Required work = Exactly as written, set down each line of the data below except its pictures.

Information provided =
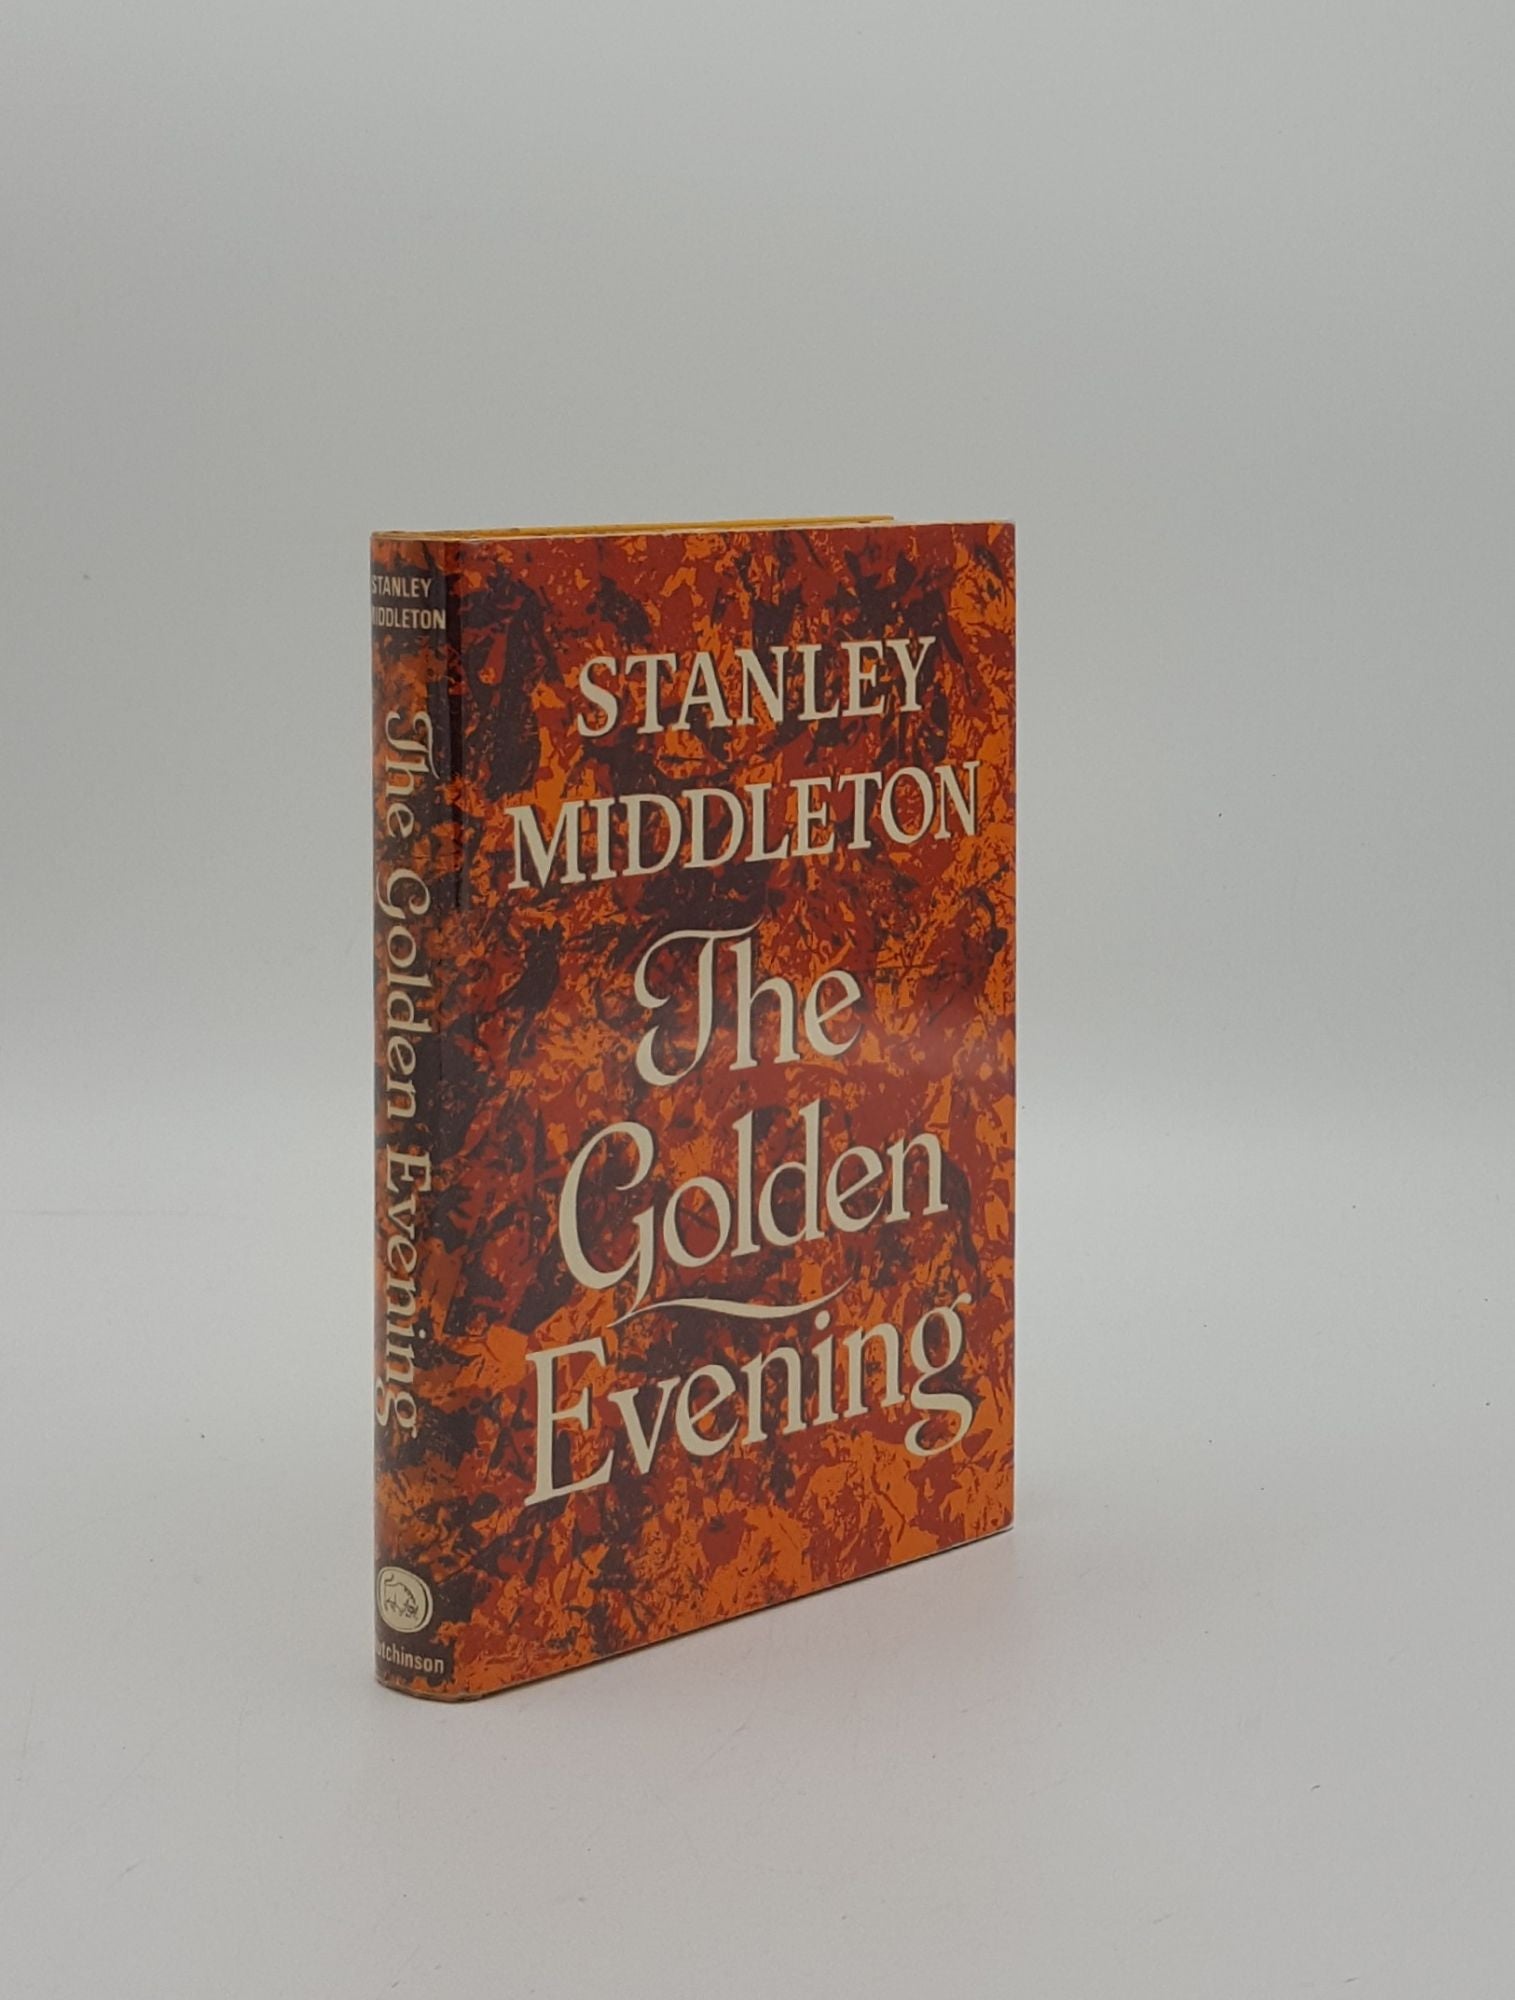 MIDDLETON Stanley - The Golden Evening
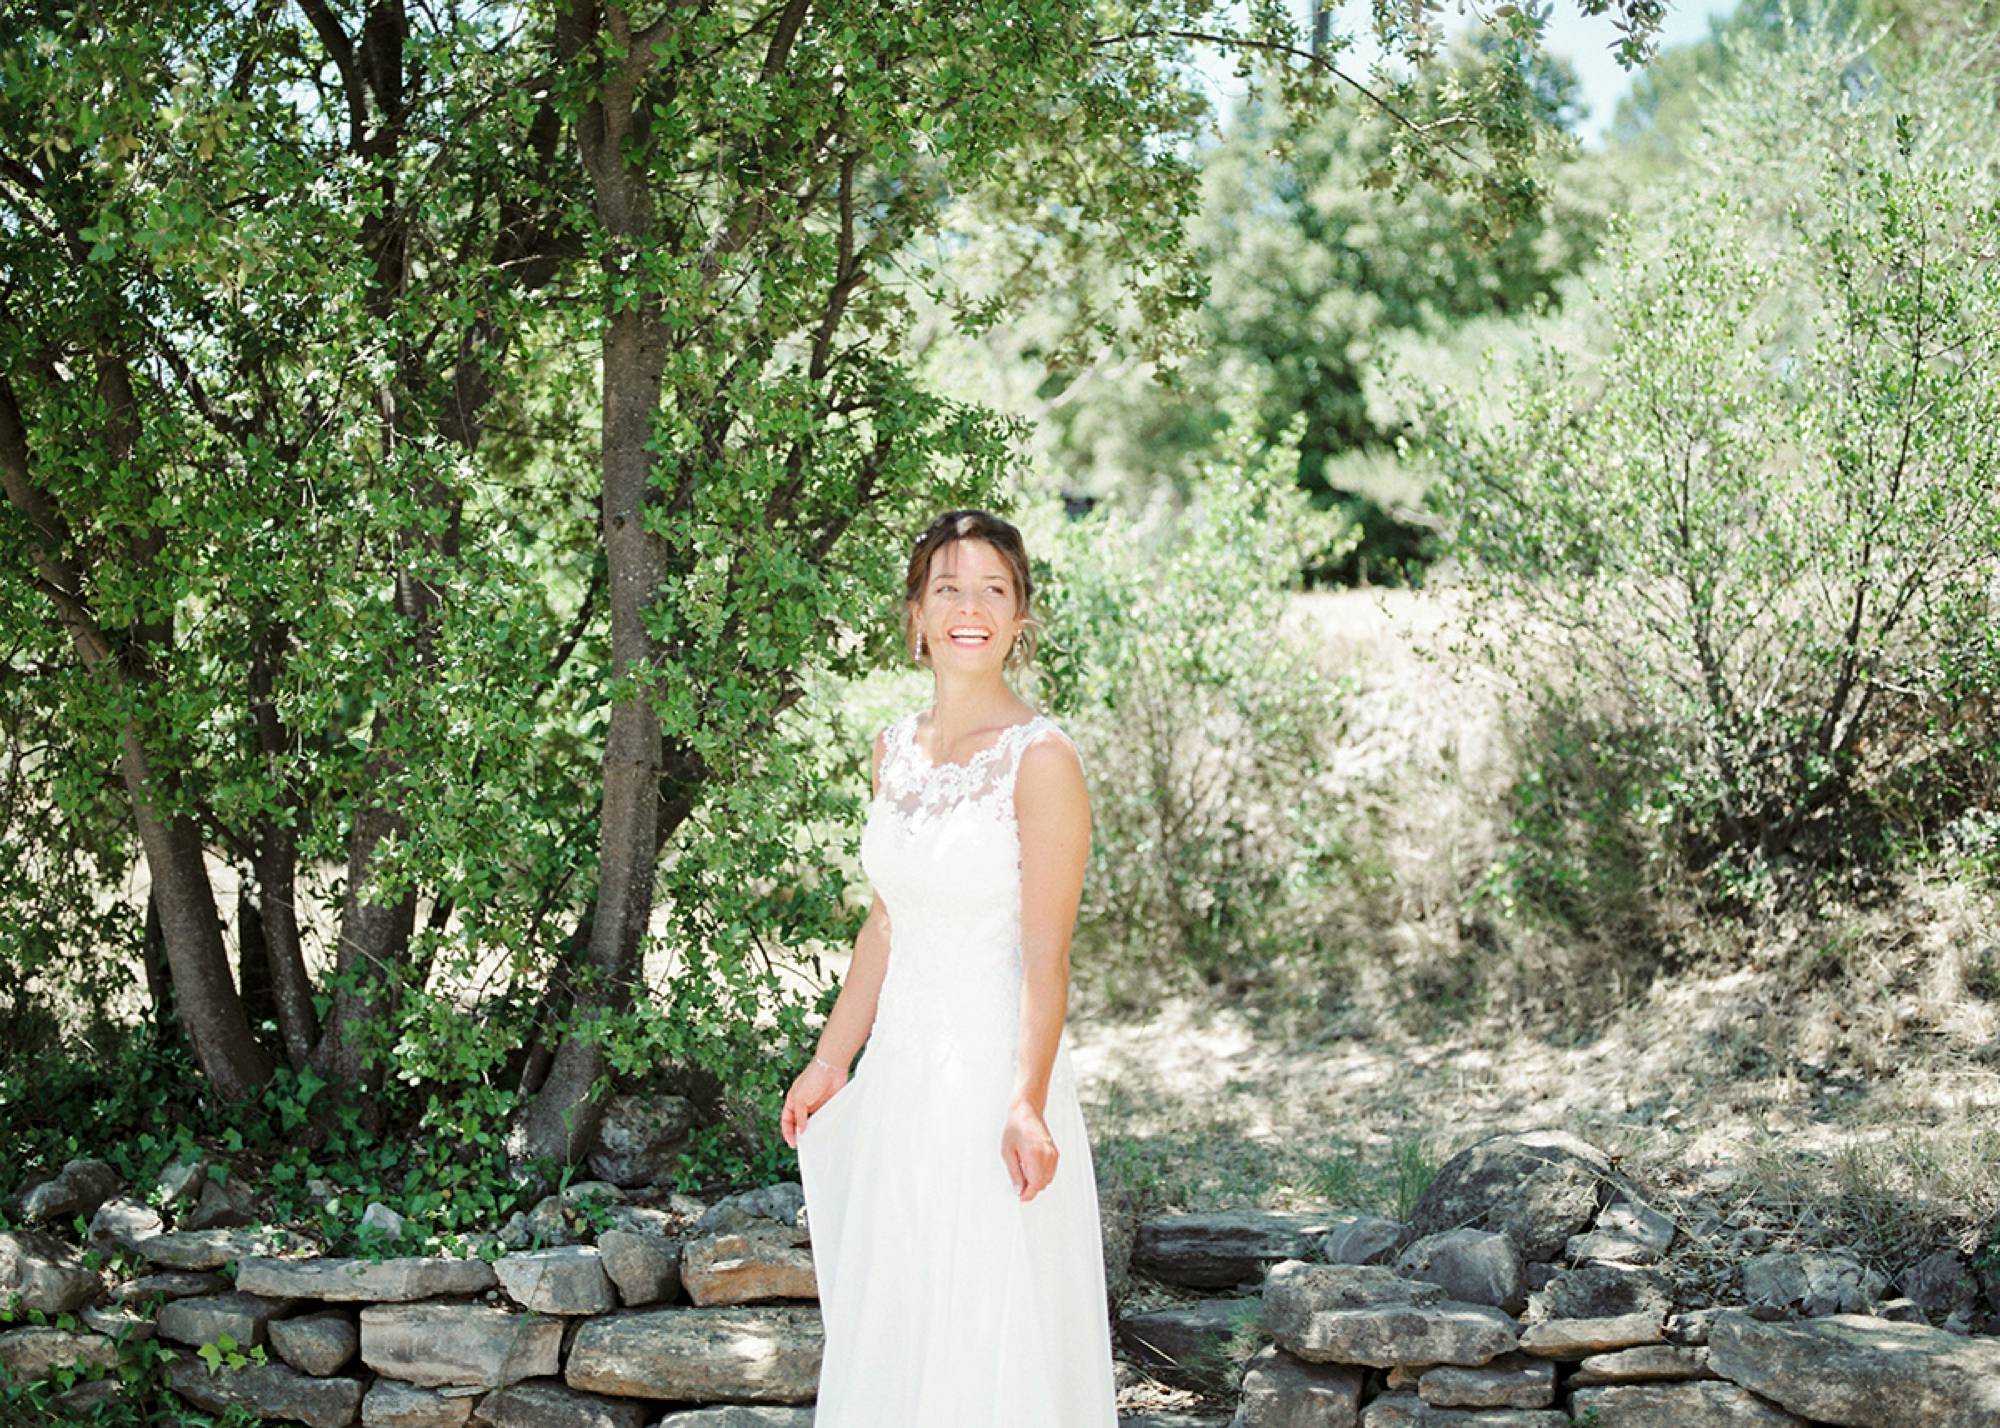 Wedding photographer Provence - Bridal portrait
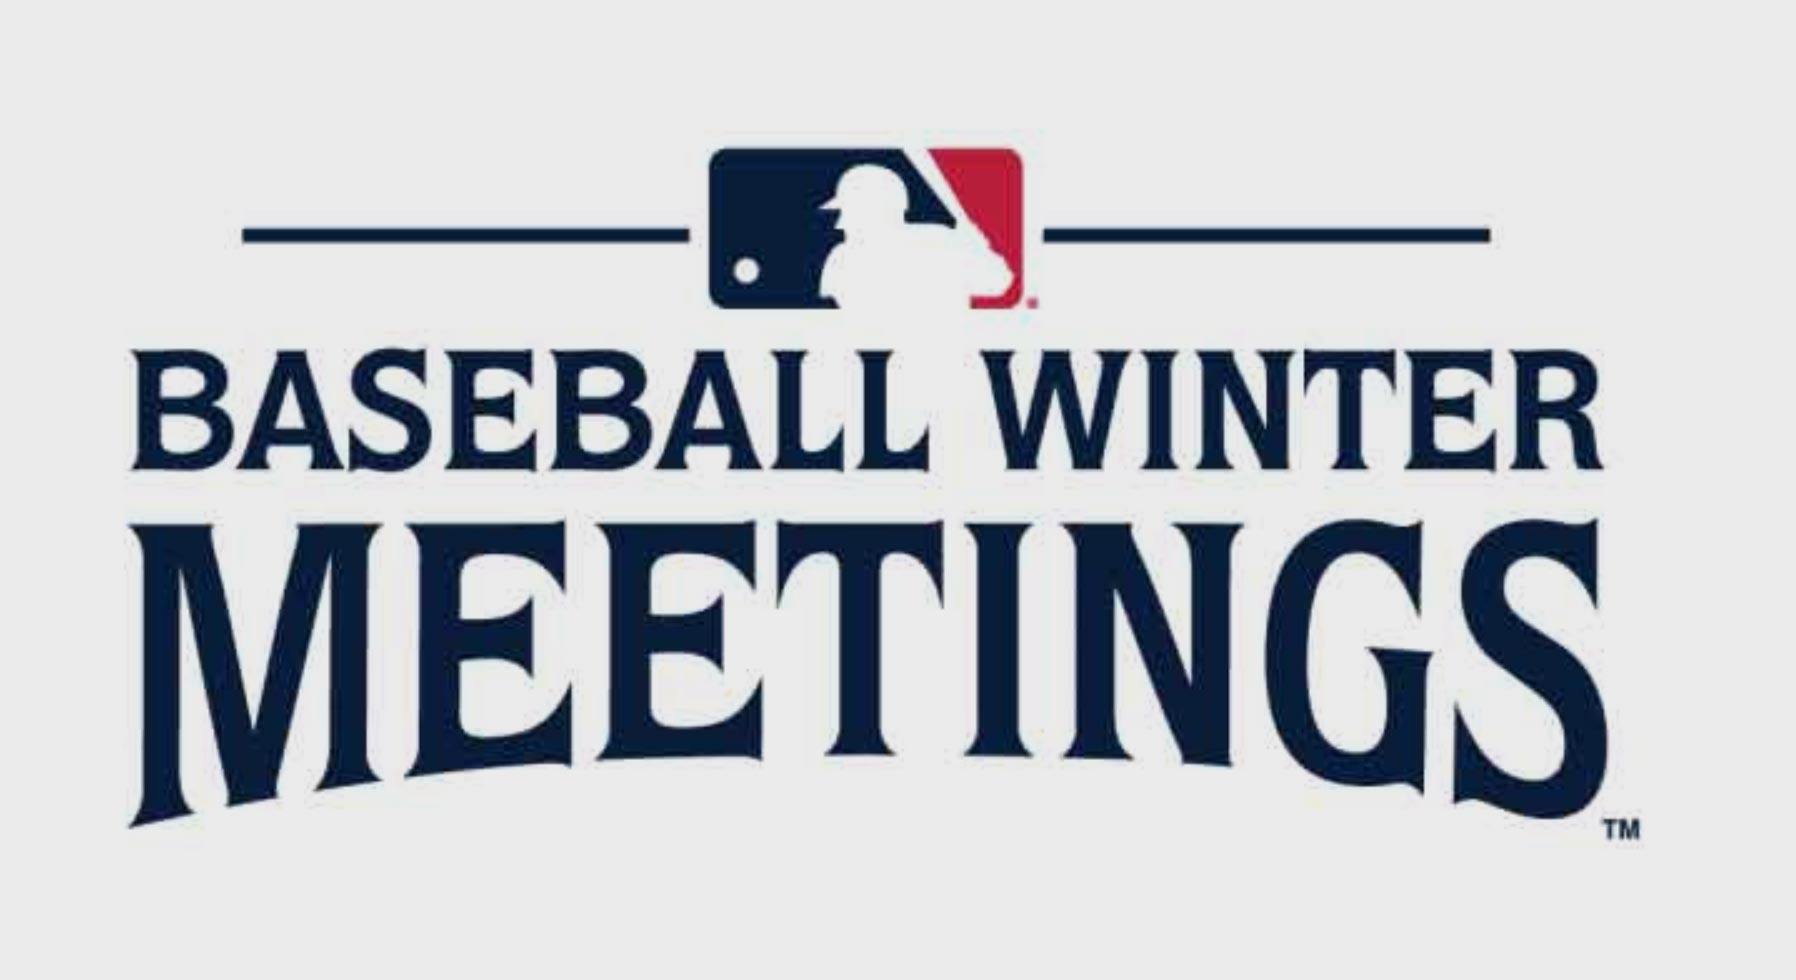 Baseball Winter meeting

Finished exercise =
 MIDDLETON Stanley - The Golden Evening
 Wedding photographer Provence - Bridal portrait
 Baseball Winter meeting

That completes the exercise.